:: Your goal ::
Wherever a picture appears in the listing below, leave it out and reproduce the rest exactly.

:: Available data ::
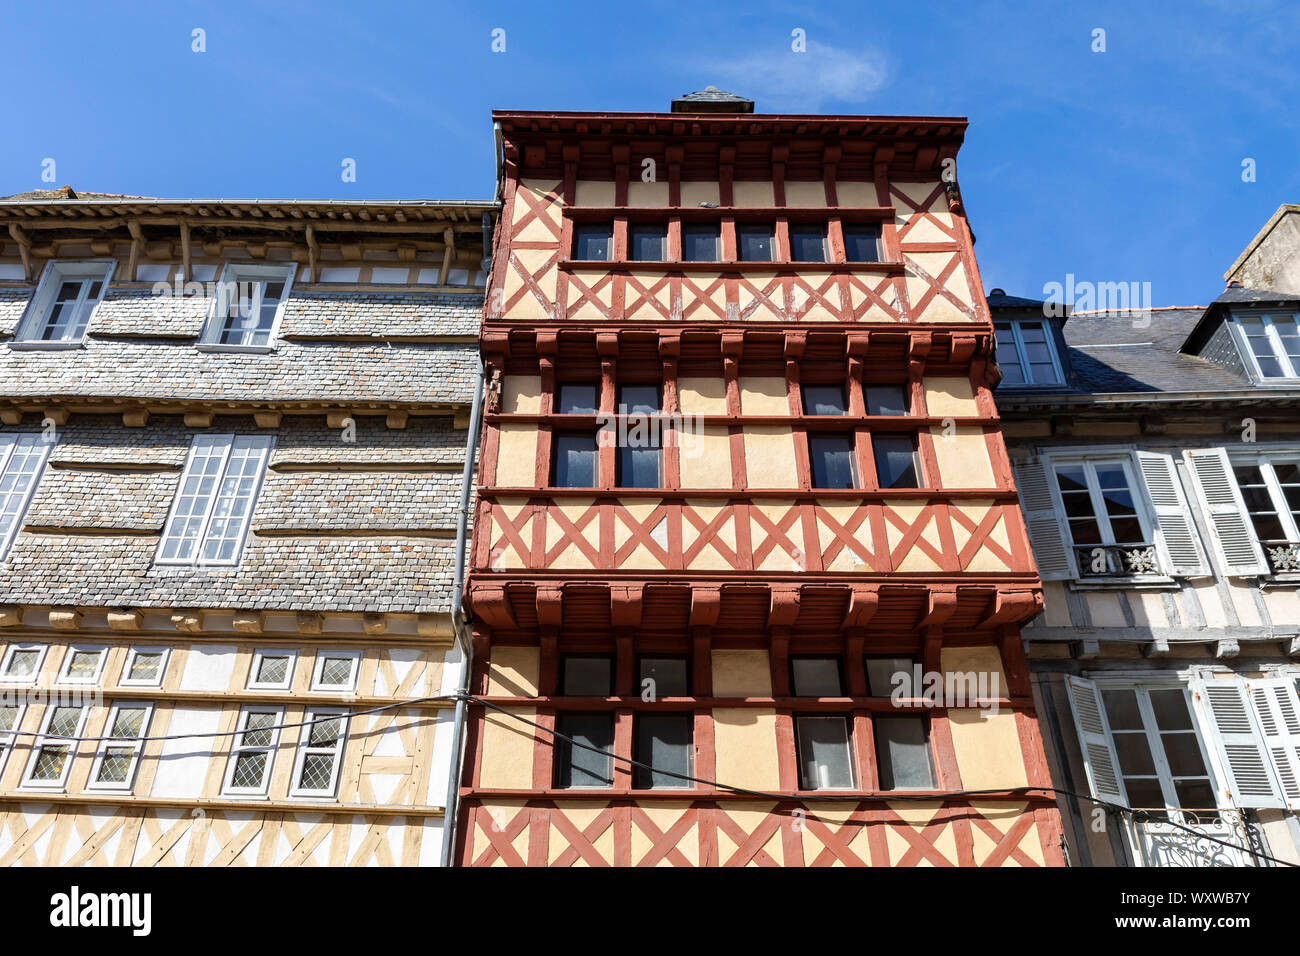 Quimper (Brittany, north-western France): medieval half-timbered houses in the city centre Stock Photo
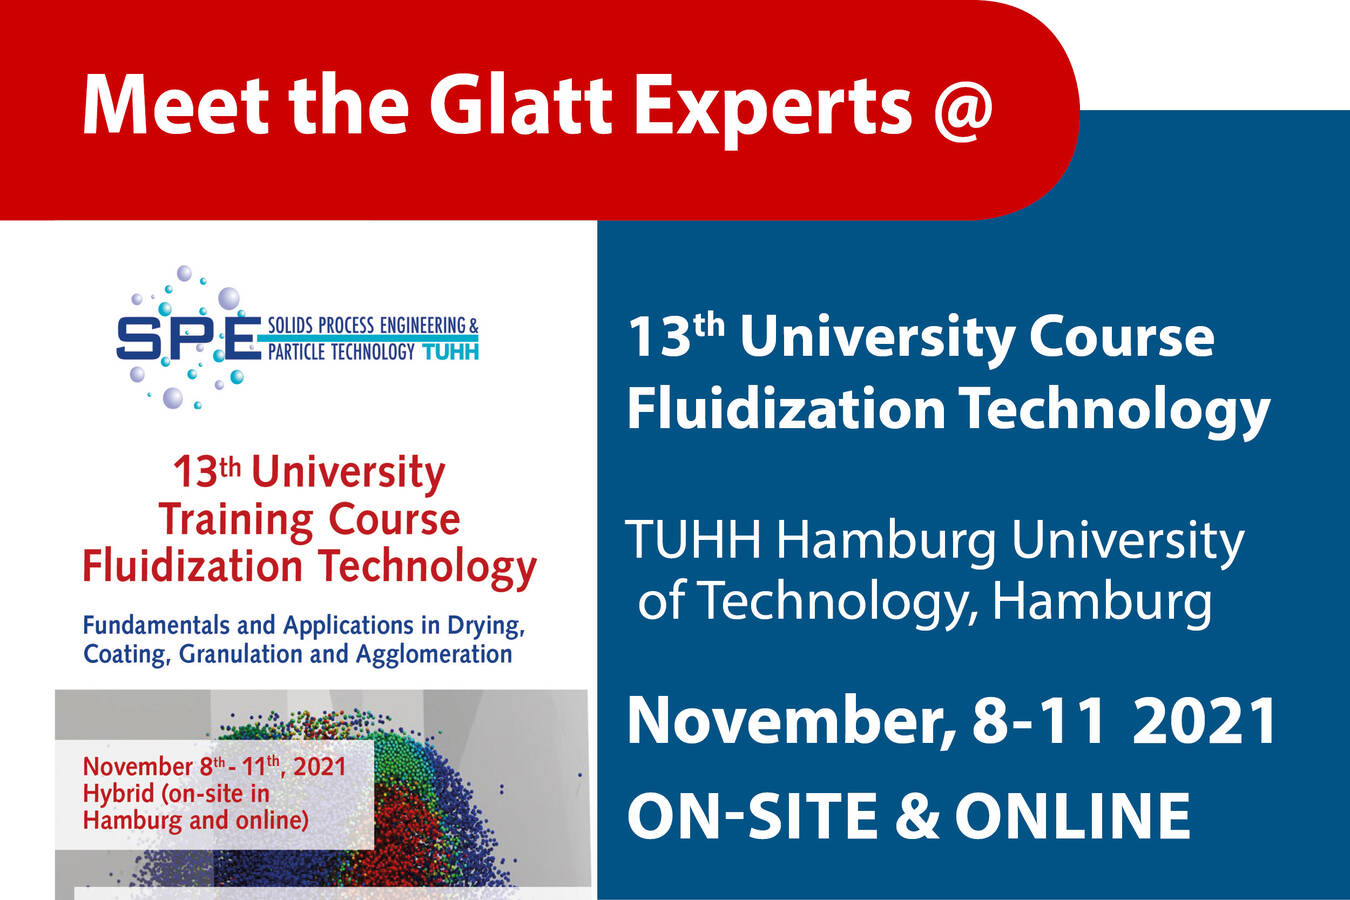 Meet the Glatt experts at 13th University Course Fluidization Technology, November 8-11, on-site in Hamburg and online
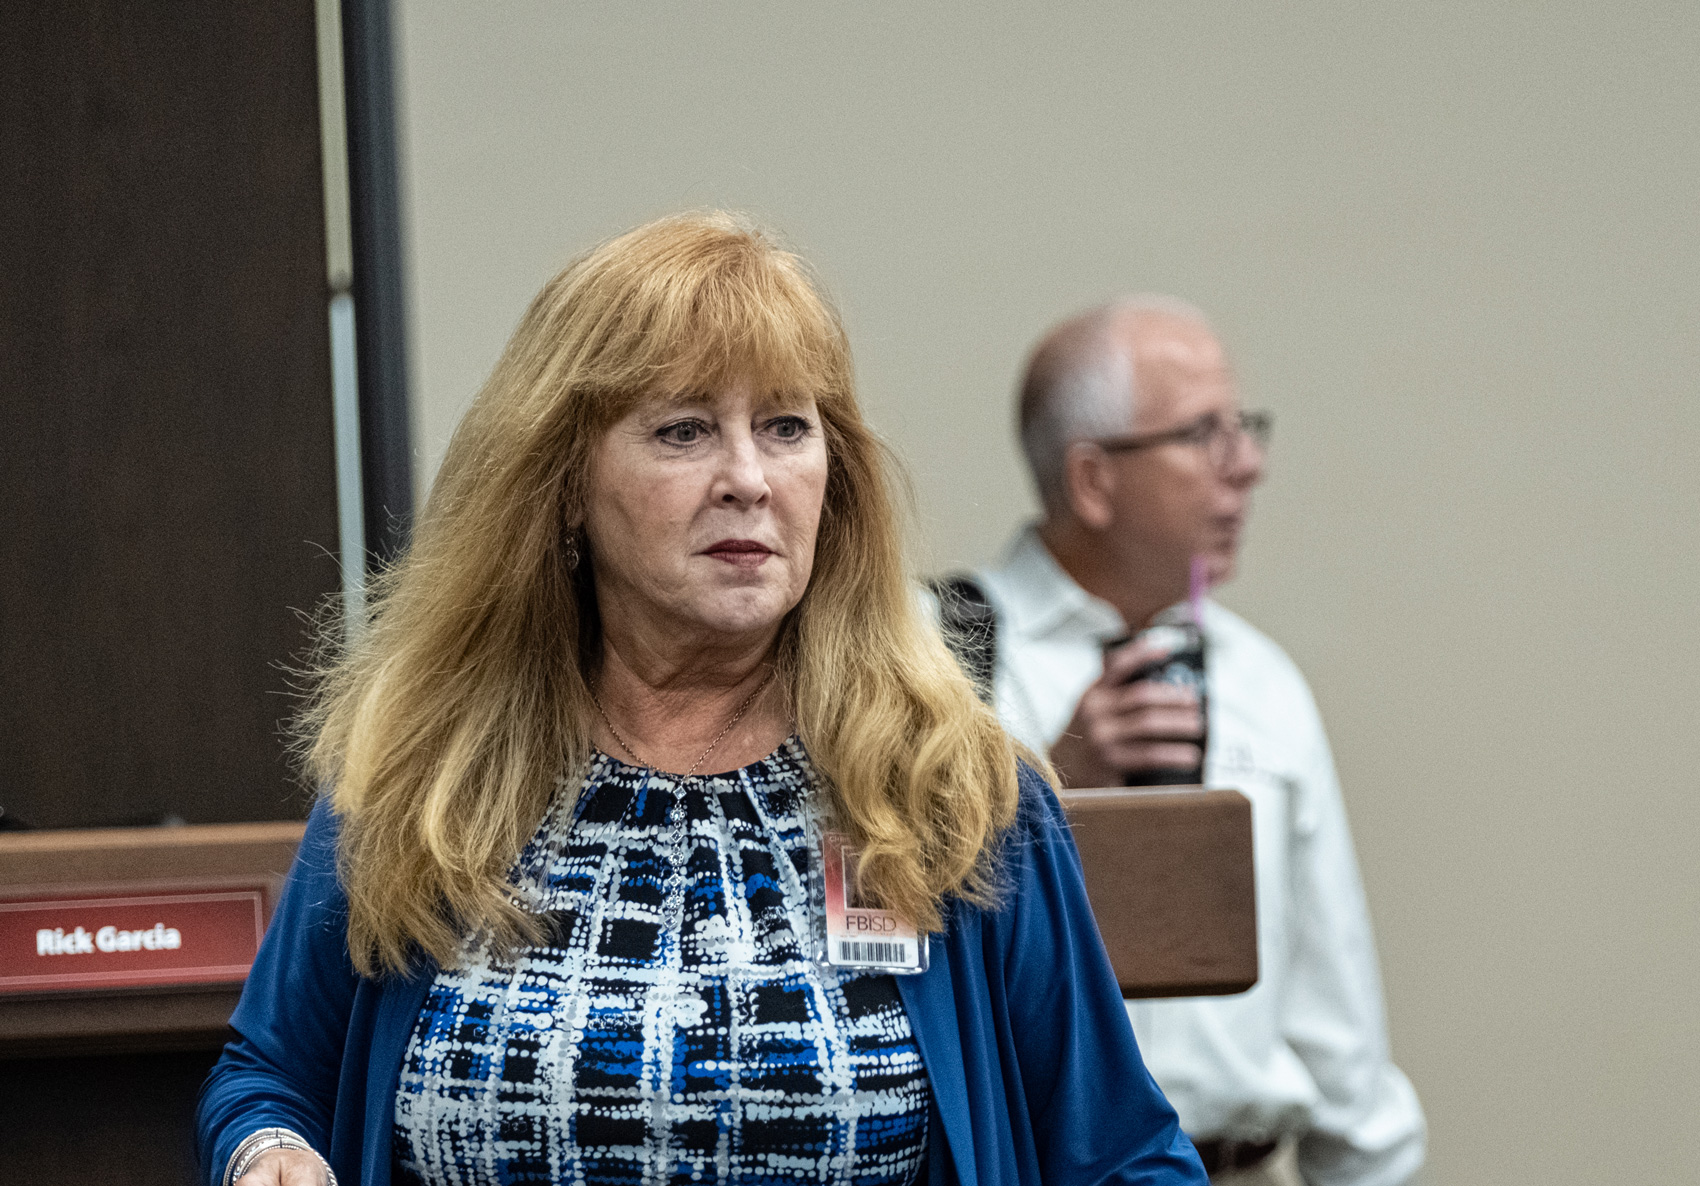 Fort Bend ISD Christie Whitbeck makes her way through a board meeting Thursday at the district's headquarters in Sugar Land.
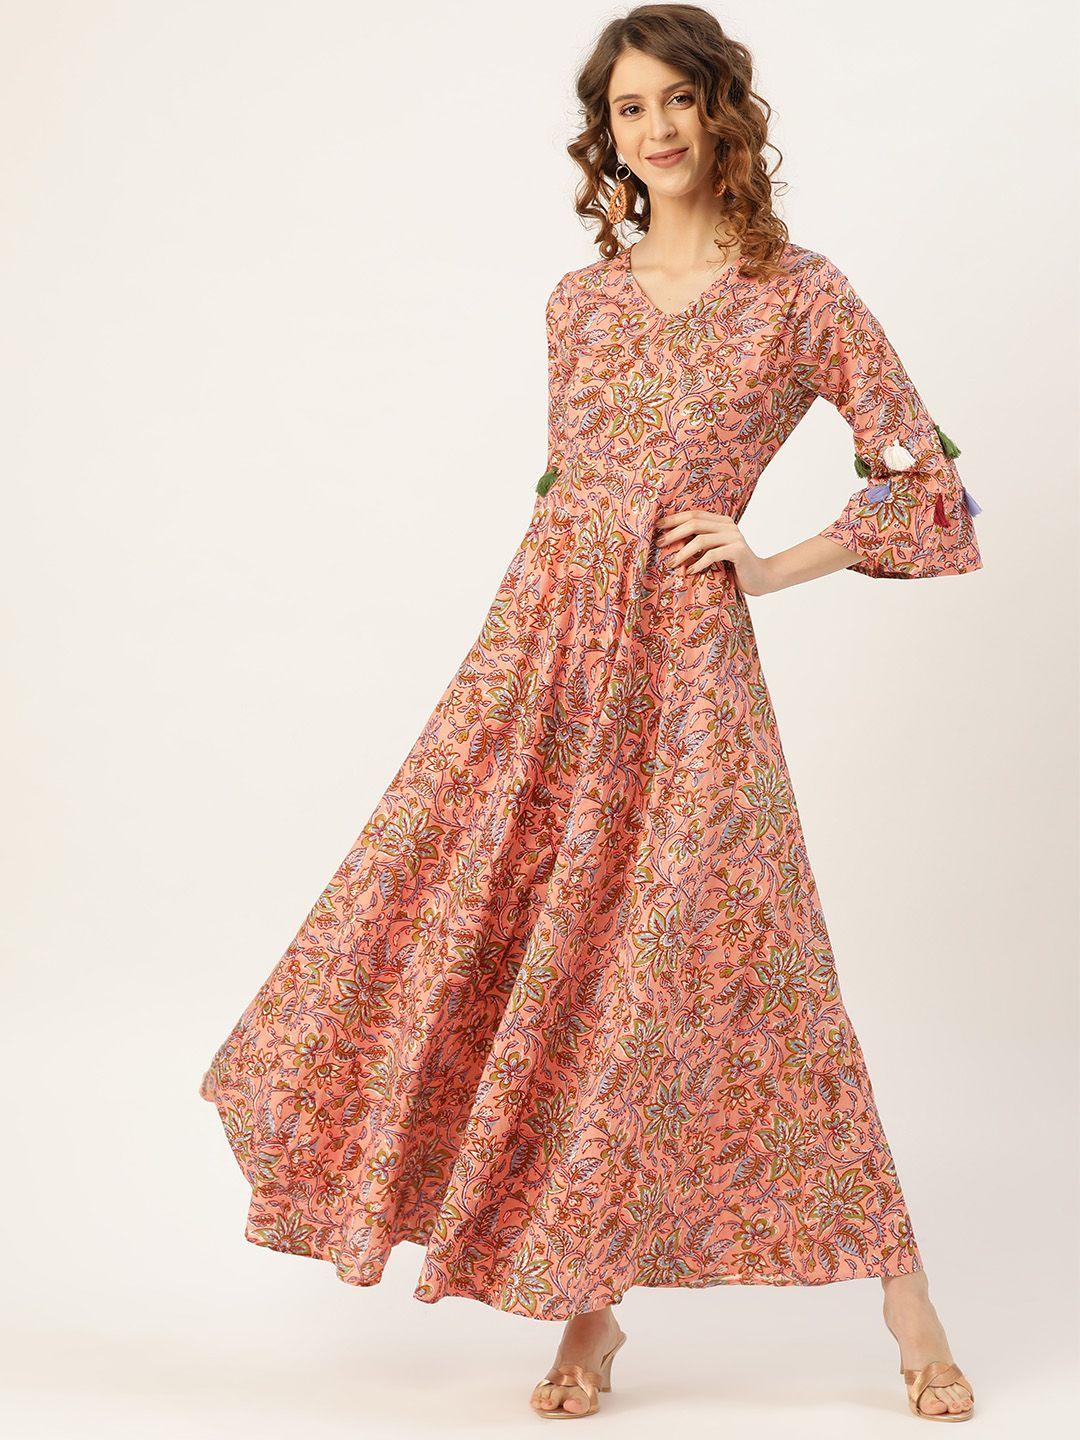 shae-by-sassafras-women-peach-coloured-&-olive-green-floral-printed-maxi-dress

:: Output of the task ::
 Quimper (Brittany, north-western France): medieval half-timbered houses in the city centre Stock Photo
 Meet the Glatt experts at 13th University Course Fluidization Technology, November 8-11, on-site in Hamburg and online
 Fort Bend ISD Christie Whitbeck makes her way through a board meeting Thursday at the district's headquarters in Sugar Land.
 shae-by-sassafras-women-peach-coloured-&-olive-green-floral-printed-maxi-dress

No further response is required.